What data should you migrate to the cloud and in what order?
How much data can, and should you migrate to the cloud?
How will you share the information and insights both internally in your organisation and externally with your partners, customers, regulators, and the general public (if needed)?
Are there opportunities to share data with external agencies and receive data from partners and from the market for better collaboration in a more modern and secure way?
Are there opportunities to monetise your data?
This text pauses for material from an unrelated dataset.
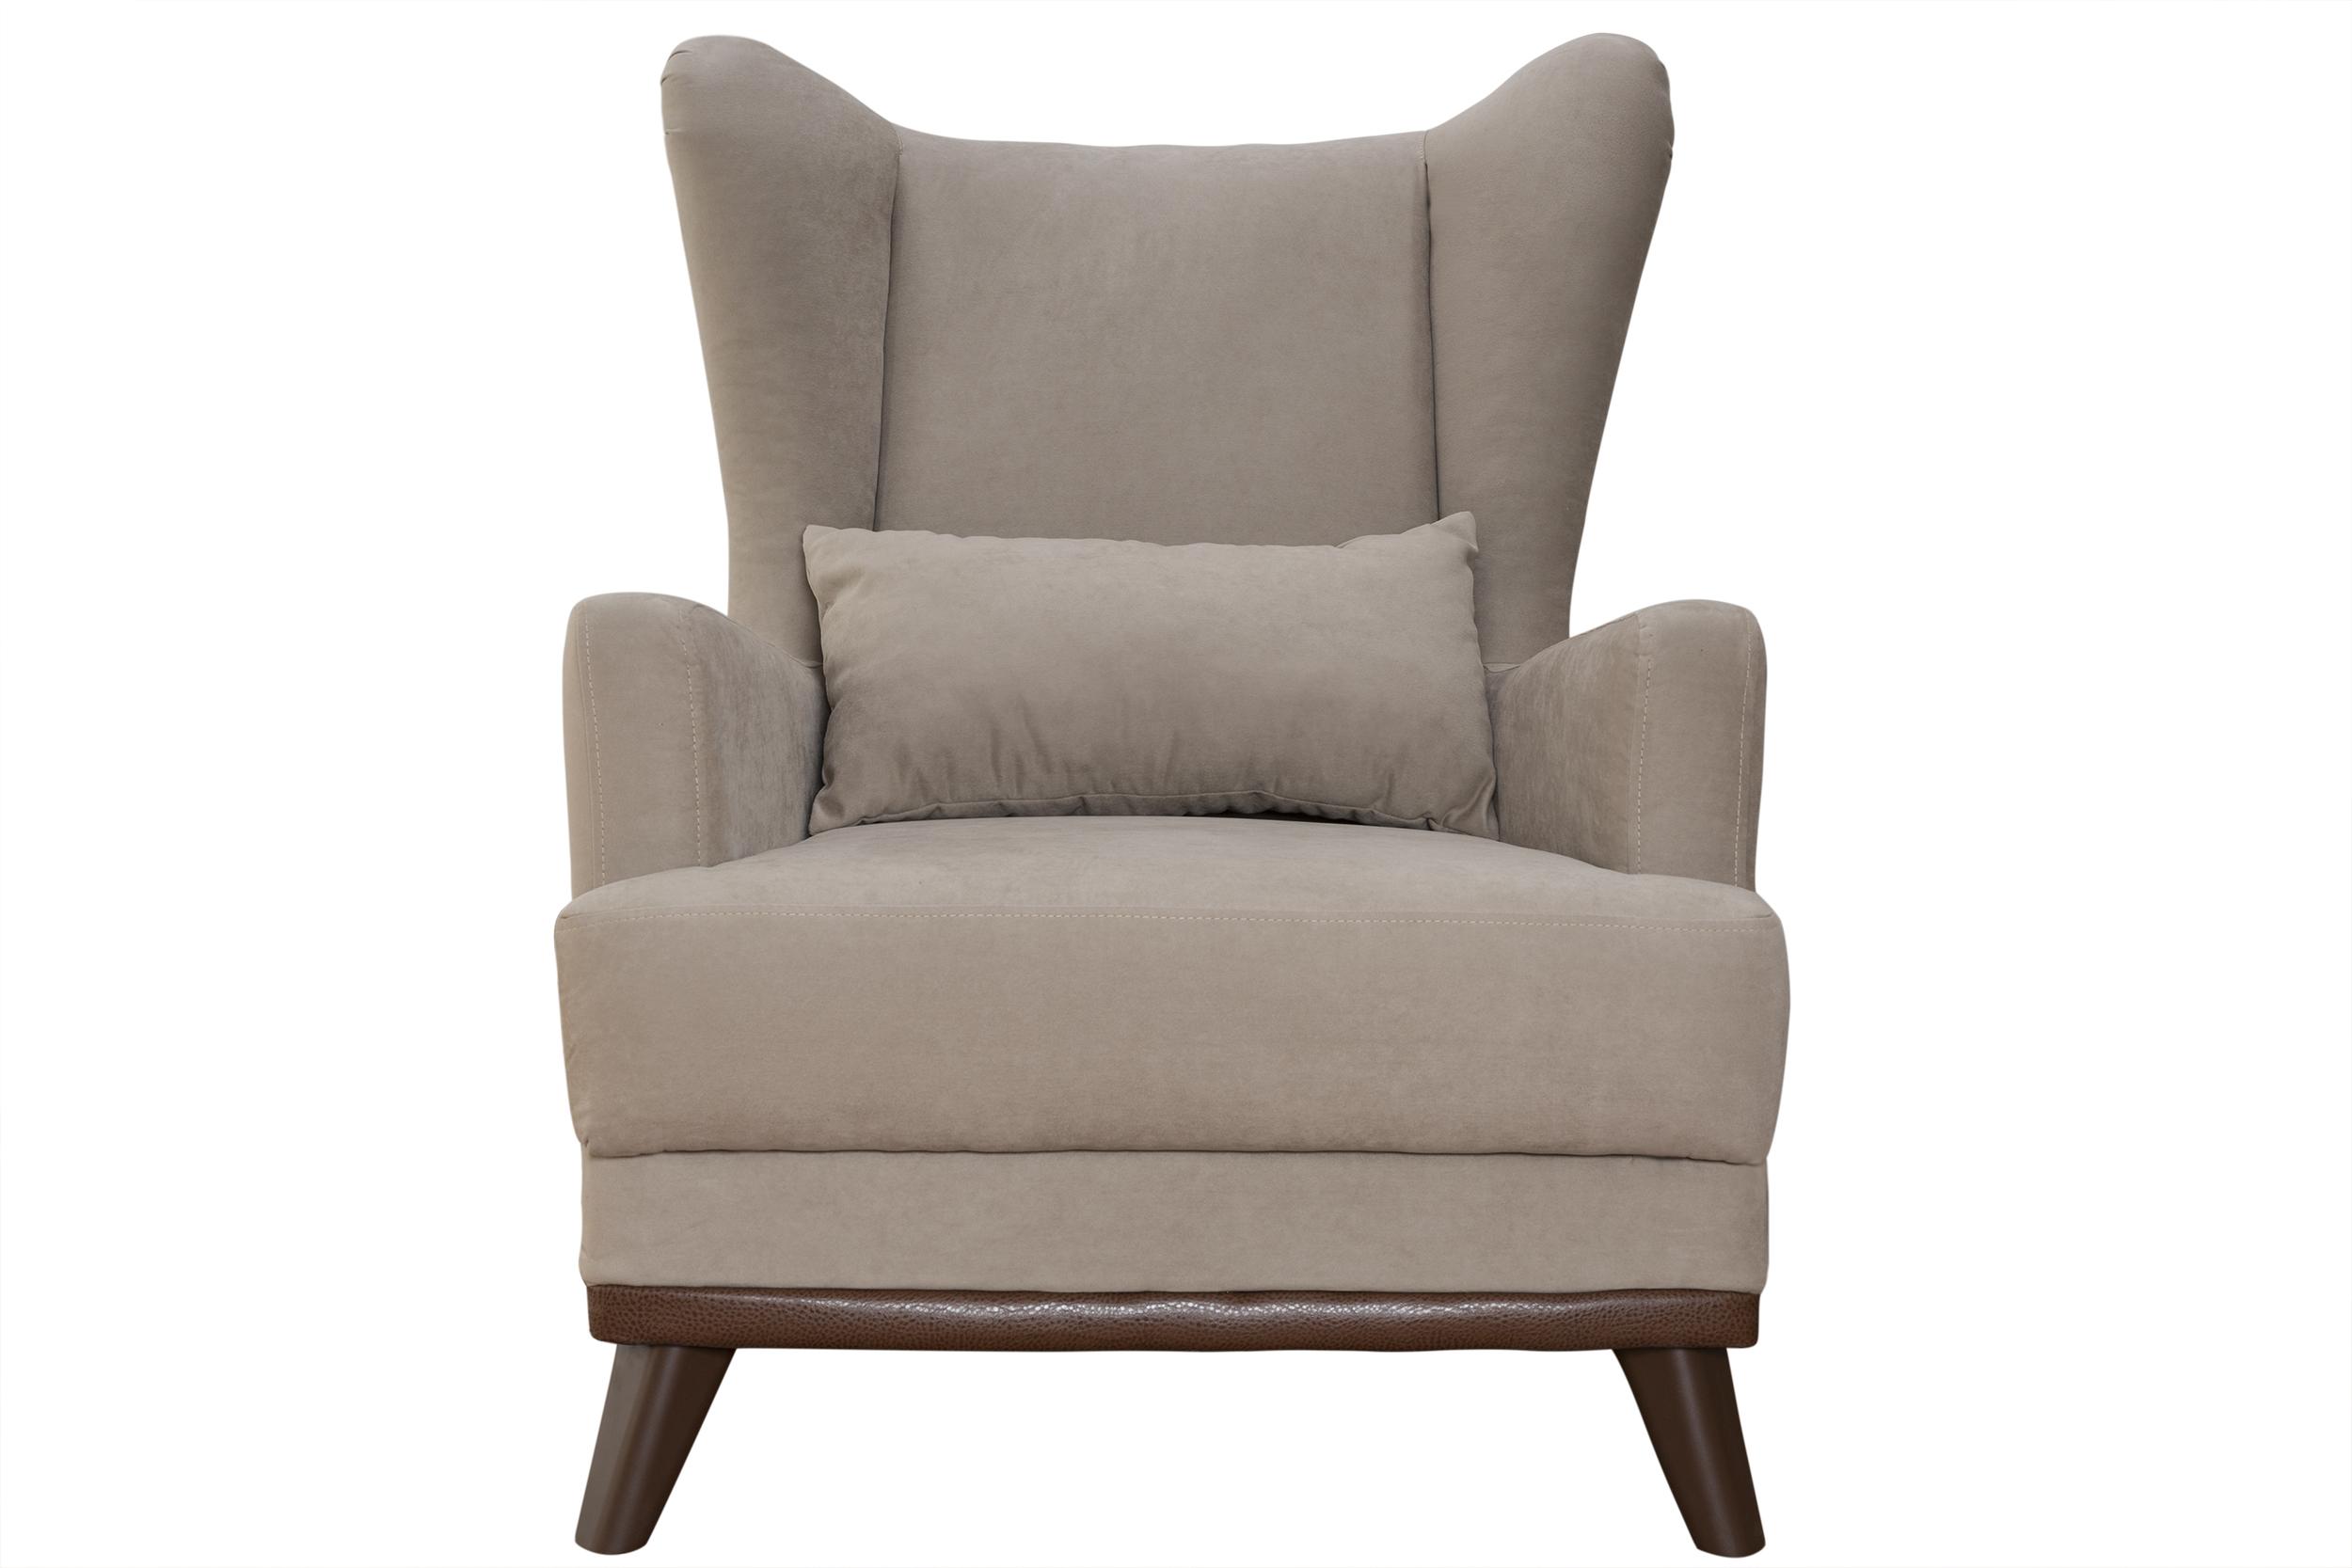 КреслоИнтерьерные кресла<br>&amp;lt;div&amp;gt;Характеристика: Каркас кресла выполнен из ЛДСП, фанеры, деревянного бруса.&amp;amp;nbsp;&amp;lt;/div&amp;gt;&amp;lt;div&amp;gt;Элементы сиденья и спальная часть из ППУ.&amp;amp;nbsp;&amp;lt;/div&amp;gt;&amp;lt;div&amp;gt;Наполнитель подушек – полиэфирное волокно и крошка ППУ.&amp;amp;nbsp;&amp;lt;/div&amp;gt;&amp;lt;div&amp;gt;Опоры – пластик.&amp;lt;/div&amp;gt;&amp;lt;div&amp;gt;Декоративная отстрочка.&amp;amp;nbsp;&amp;lt;/div&amp;gt;&amp;lt;div&amp;gt;Декоративная накладка обитая кожзамом.&amp;lt;/div&amp;gt;&amp;lt;div&amp;gt;&amp;lt;br&amp;gt;&amp;lt;/div&amp;gt;&amp;lt;div&amp;gt;Размеры мебели могут отличаться от заявленных в пределах 3 см.&amp;amp;nbsp;&amp;lt;/div&amp;gt;&amp;lt;div&amp;gt;В связи с постоянной работой над усовершенствованием моделей, фабрика оставляет за собой право внесения изменений в модели.&amp;amp;nbsp;&amp;lt;/div&amp;gt;&amp;lt;div&amp;gt;Небольшие недоразумения не исключаются.&amp;lt;/div&amp;gt;&amp;lt;div&amp;gt;Фотографии тканей могут отличаться от реальных цветов.&amp;amp;nbsp;&amp;lt;/div&amp;gt;&amp;lt;div&amp;gt;При заказе мебели обязательно смотрите на образцы тканей.&amp;lt;/div&amp;gt;&amp;lt;div&amp;gt;&amp;lt;br&amp;gt;&amp;lt;/div&amp;gt;<br><br>Material: Текстиль<br>Ширина см: 87<br>Высота см: 94<br>Глубина см: 86

As you're building a business case in your organization to move to the cloud, it is important to understand the situation as it is today on premises vs in the cloud. In the on premise world, you would have invested significant capex to obtain the required hardware (servers) and software licenses, and you would have tried to maximise its usage. You will also be paying for hardware and software ongoing maintenance services along with database administration services.
On the other hand, in the cloud world, the cost of entry is comparatively lower, and costs are opex oriented. The cloud’s basic building blocks are storage and compute, and you will only pay forwhat you use and when you use it. The Pay-As-You-Go model works well for companies that would like to start small to understand how the model works and then grow. The capacity model where you pay in advance for a certain amount of storage and compute works well when you have a good understanding on what your usage is likely to be. The capacity model usually provides significant discounts over the Pay-As-You-Go price and brings about other benefits like priority support from the vendor, training and enablement and rubber stamping of architecture or implementation methodologies by the vendor.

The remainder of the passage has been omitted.